*REQUIRED ACTION:* Transcribe only the part of the material below that begins at the line containing "Tire 205890 Trail" and ends at the line containing "Творческий коллектив Уральские", with both kept and images left out.

(MATERIAL FOR THIS TASK)

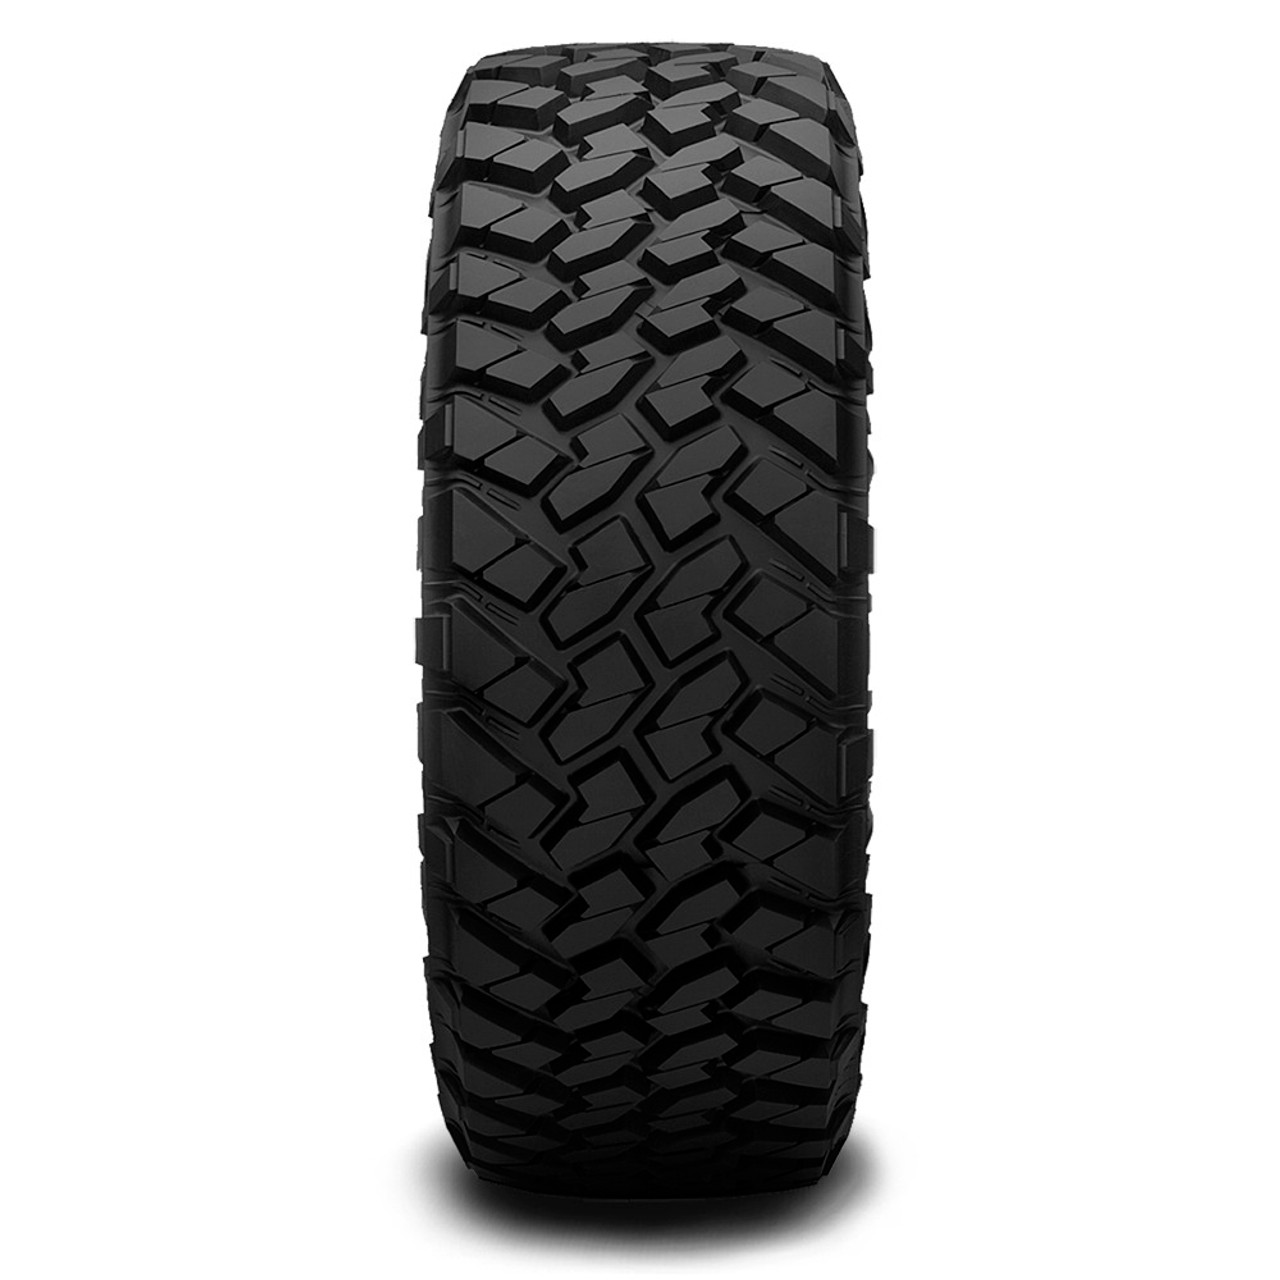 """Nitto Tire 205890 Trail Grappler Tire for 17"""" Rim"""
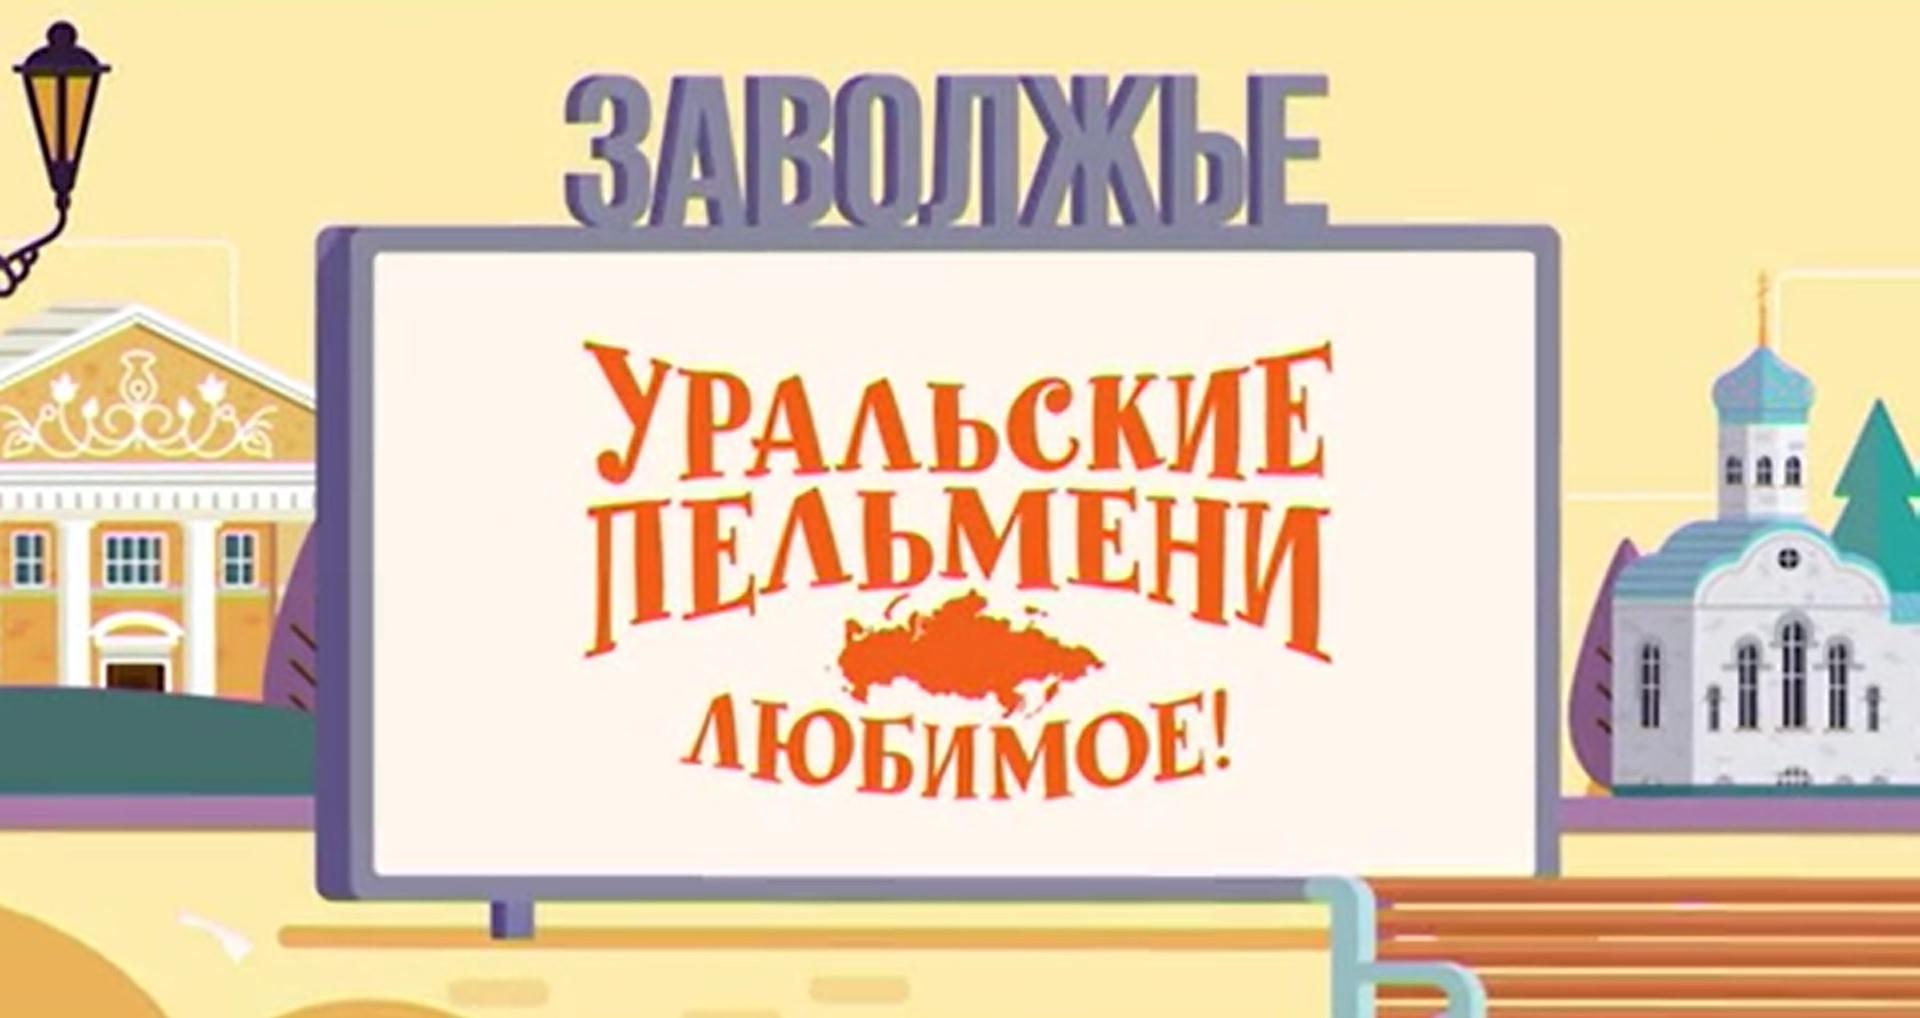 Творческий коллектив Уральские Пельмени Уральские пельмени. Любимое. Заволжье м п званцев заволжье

(End MATERIAL FOR THIS TASK)
(MATERIAL FOR THIS TASK)

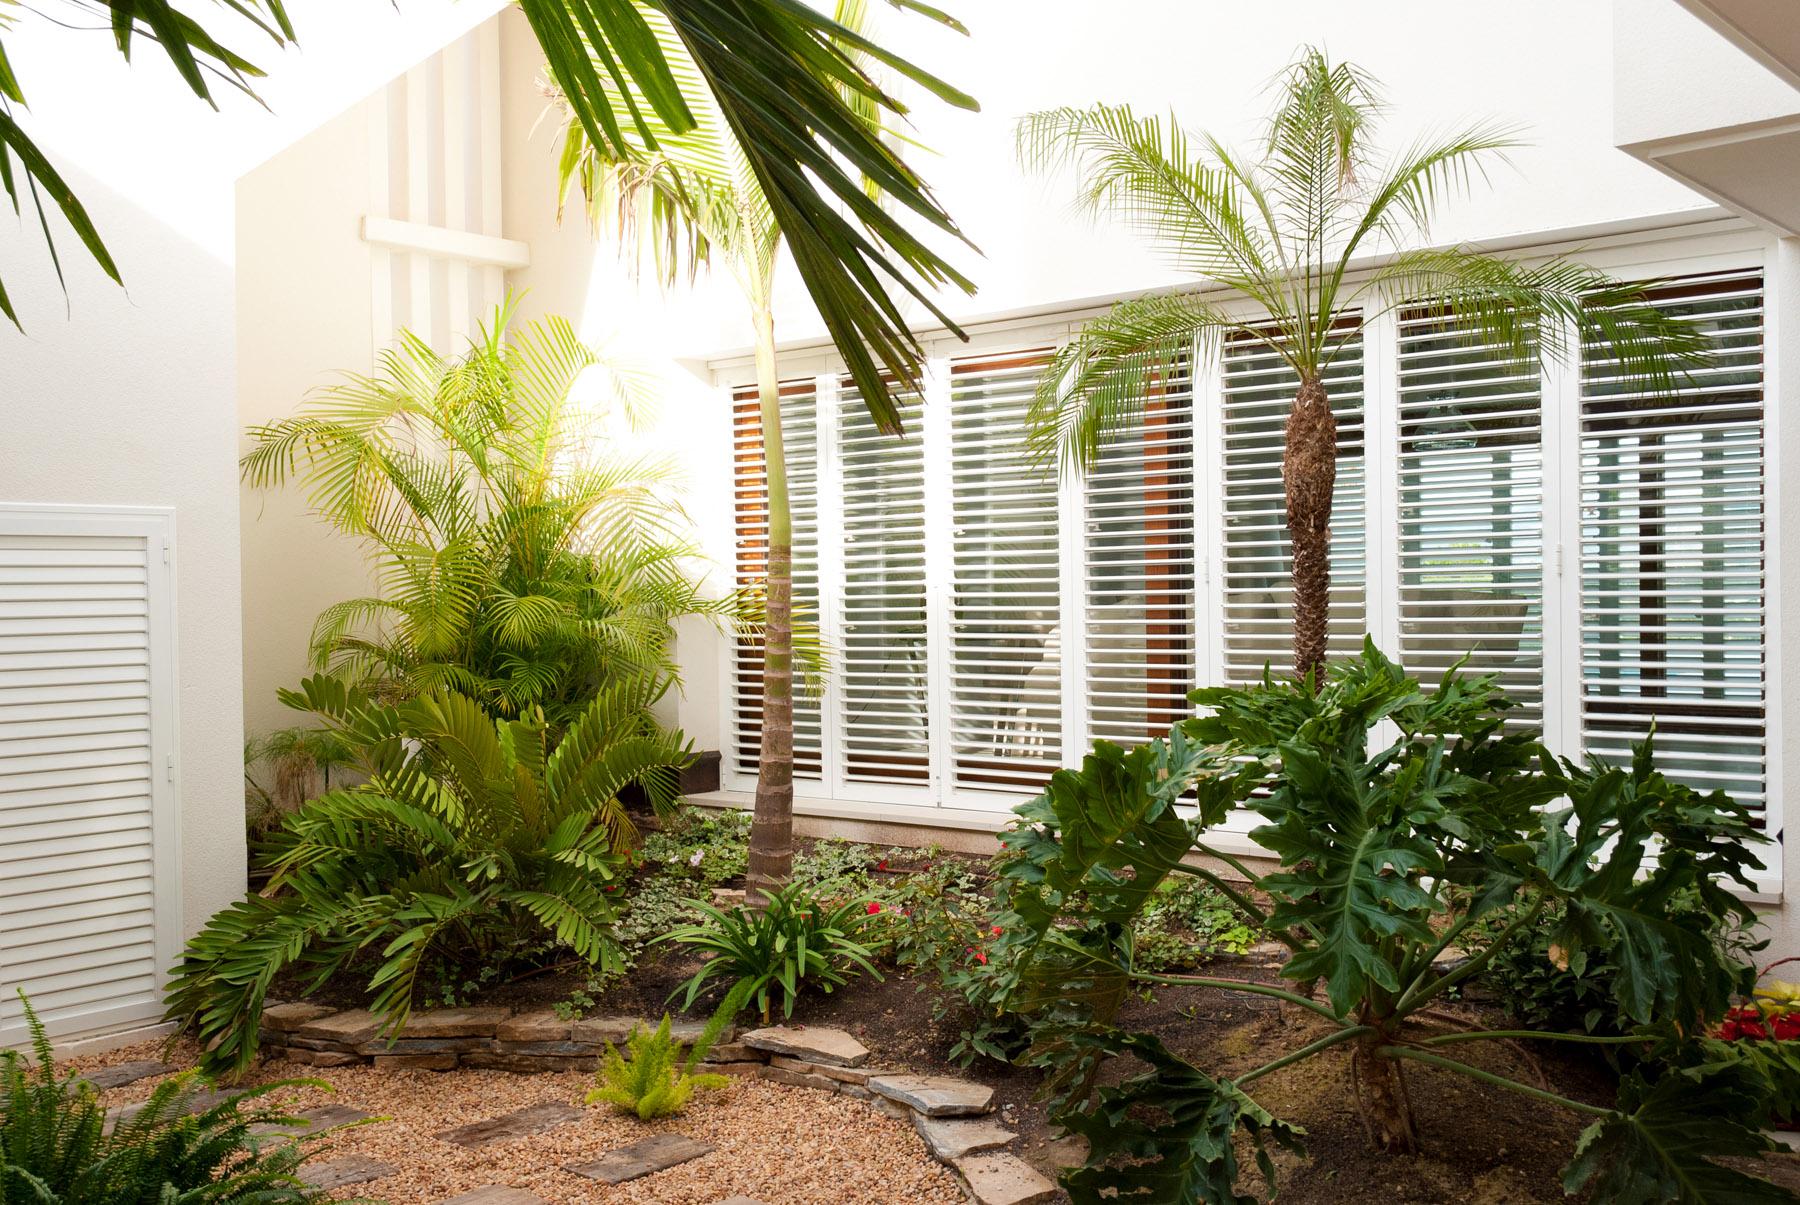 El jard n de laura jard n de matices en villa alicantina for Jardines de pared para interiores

(End MATERIAL FOR THIS TASK)
(MATERIAL FOR THIS TASK)

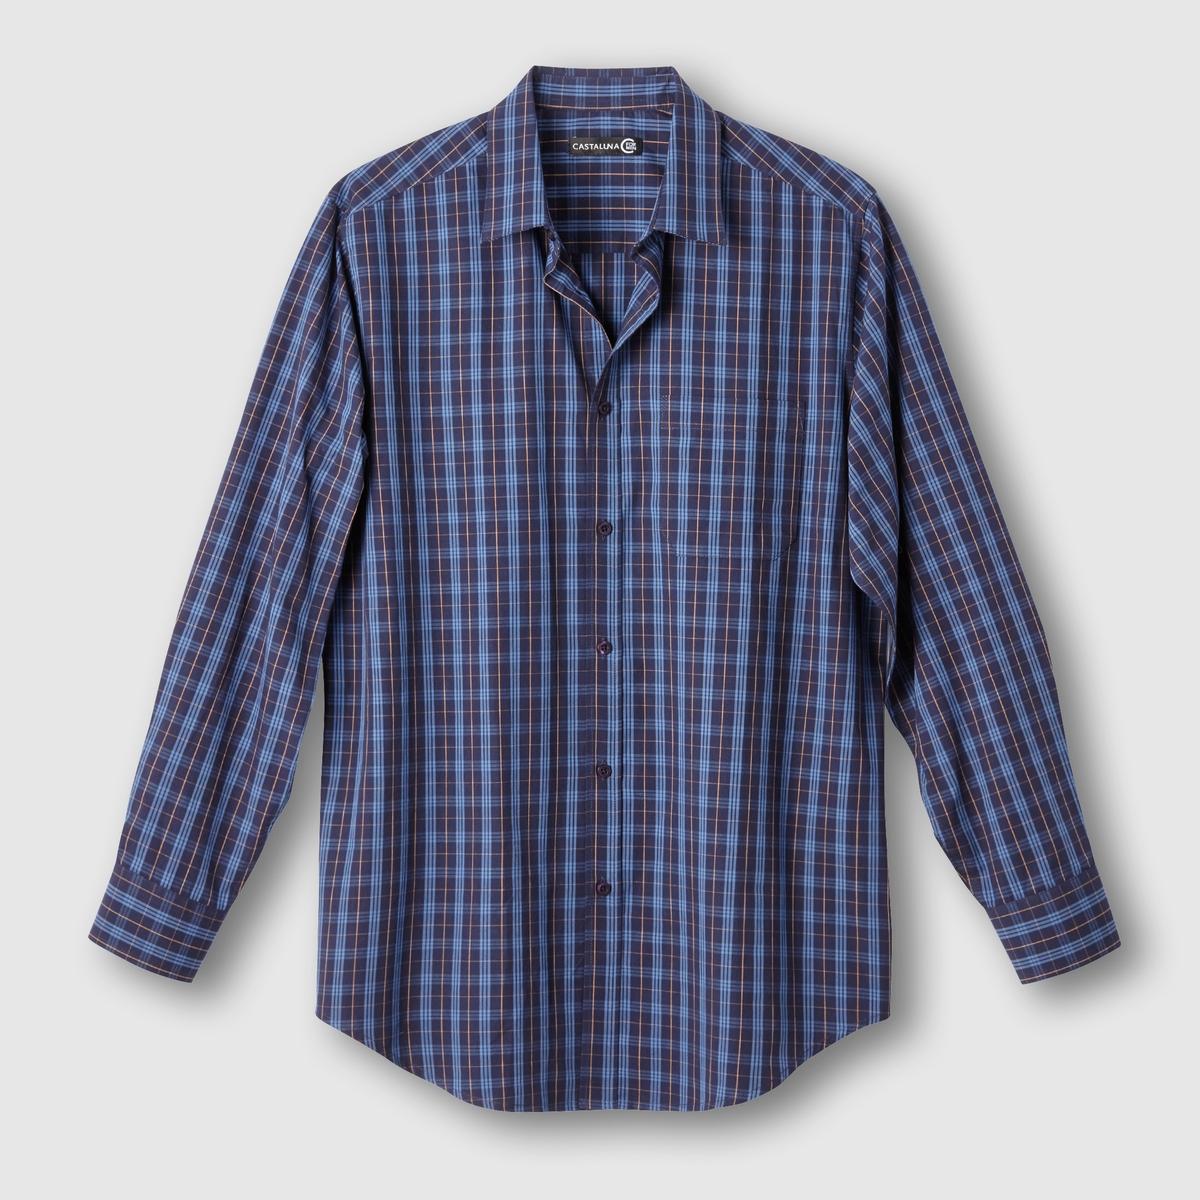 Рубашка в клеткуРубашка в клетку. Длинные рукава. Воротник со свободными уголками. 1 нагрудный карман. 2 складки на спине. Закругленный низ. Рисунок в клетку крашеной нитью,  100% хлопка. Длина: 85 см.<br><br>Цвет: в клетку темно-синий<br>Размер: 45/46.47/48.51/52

(End MATERIAL FOR THIS TASK)

*THE ANSWER:*
 """Nitto Tire 205890 Trail Grappler Tire for 17"""" Rim"""
 Творческий коллектив Уральские Пельмени Уральские пельмени. Любимое. Заволжье м п званцев заволжье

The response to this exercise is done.